Prüfen Sie Seitenränder und Papierformat unter Format → Seite. Abschnittsumbrüche aus Word können als Seitenwechsel erscheinen; löschen oder ersetzen Sie problematische Abschnitts-/Seitenumbrüche und setzen Sie neue, saubere Seitenumbrüche. Passen Sie Kopf- und Fußzeilen separat an, da ihre Positionen oft verrutschen.

Tabellen und Bilder korrigieren

Tabellen können Breitenänderungen oder verschobene Zellen zeigen. Entfernen feste Tabellenbreiten und setzen Sie Spaltenbreiten prozentual oder automatisch. Für Bilder prüfen Sie die Ankeroptionen (an Absatz, an Seite) und stellen Sie geeignete Skalierung und Umbruchoptionen ein. Eingebettete Objekte (OLE) werden oft nicht unterstützt; ersetzen Sie sie durch Standardbilder oder verknüpfte Dateien.

Felder, Inhaltsverzeichnis und Fußnoten

Felder wie Inhaltsverzeichnis oder automatische Nummerierungen sollten aktualisiert werden: Rechtsklick → Felder aktualisieren oder über Menü Ansicht → Aktualisieren. Fußnoten- und Endnotenpositionen prüfen; bei Bedarf Fußnoten neu formatieren, da sie zwischen Programmen unterschiedlich behandelt werden.
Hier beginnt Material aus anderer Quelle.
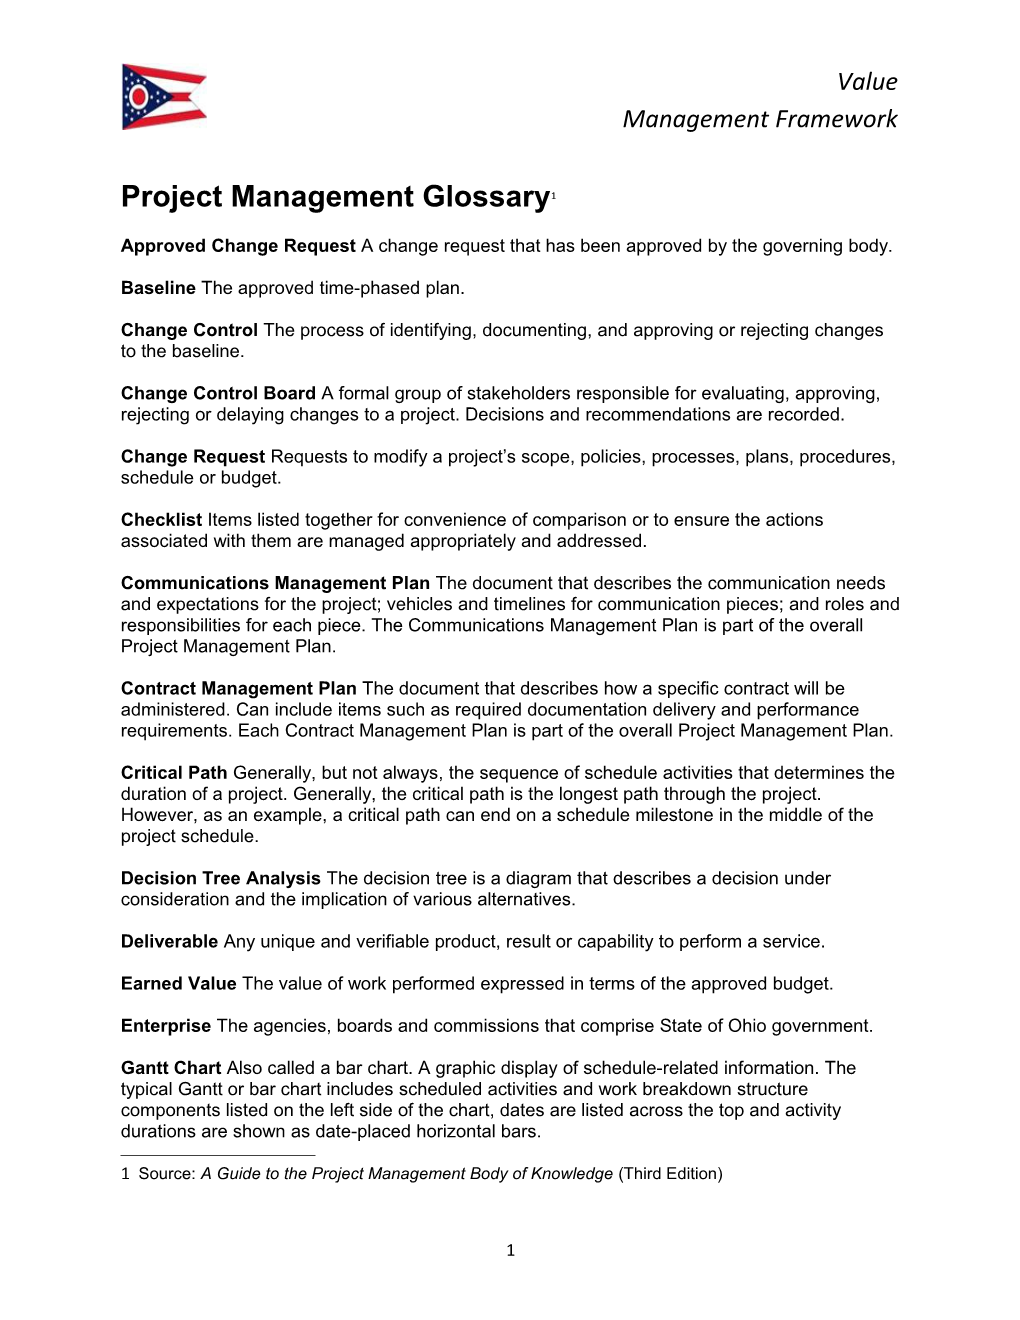 Project Management Glossary 1 s1

Track Changes und Kommentare

Überarbeitungsverfolgung wird nicht immer korrekt übernommen. Konvertieren Sie bei Bedarf in Word vor dem Export alle Überarbeitungen in akzeptierten Text (Änderungen annehmen/ablehnen) und exportieren Kommentare separat oder kopieren Sie sie manuell.

Endkorrektur und Abspeichern

Verwenden Sie die Funktion „Formatvorlagen anwenden“ und definieren Sie Ihre eigenen Vorlagen, um das Layout zu vereinheitlichen. Zum Schluss speichern Sie das Dokument im gewünschten Format; wenn das Ziel wieder ein Word-Dokument ist, speichern Sie als .docx und prüfen das Ergebnis in Word. Bei regelmäßiger Zusammenarbeit mit Word-Nutzern empfiehlt sich das Verwenden von LibreOffice, da es oft bessere Kompatibilität bietet.

Praktische Tipps zur Vermeidung

Wenn möglich, lassen Sie den Ersteller des Dokuments eine vereinfachte Formatierung verwenden (Standardvorlagen, keine verschachtelten Tabellen, native Bilder statt OLE). Für kritische Layouts (z. B. Flyer) erstellen Sie PDF in Word und bearbeiten nicht in OpenOffice.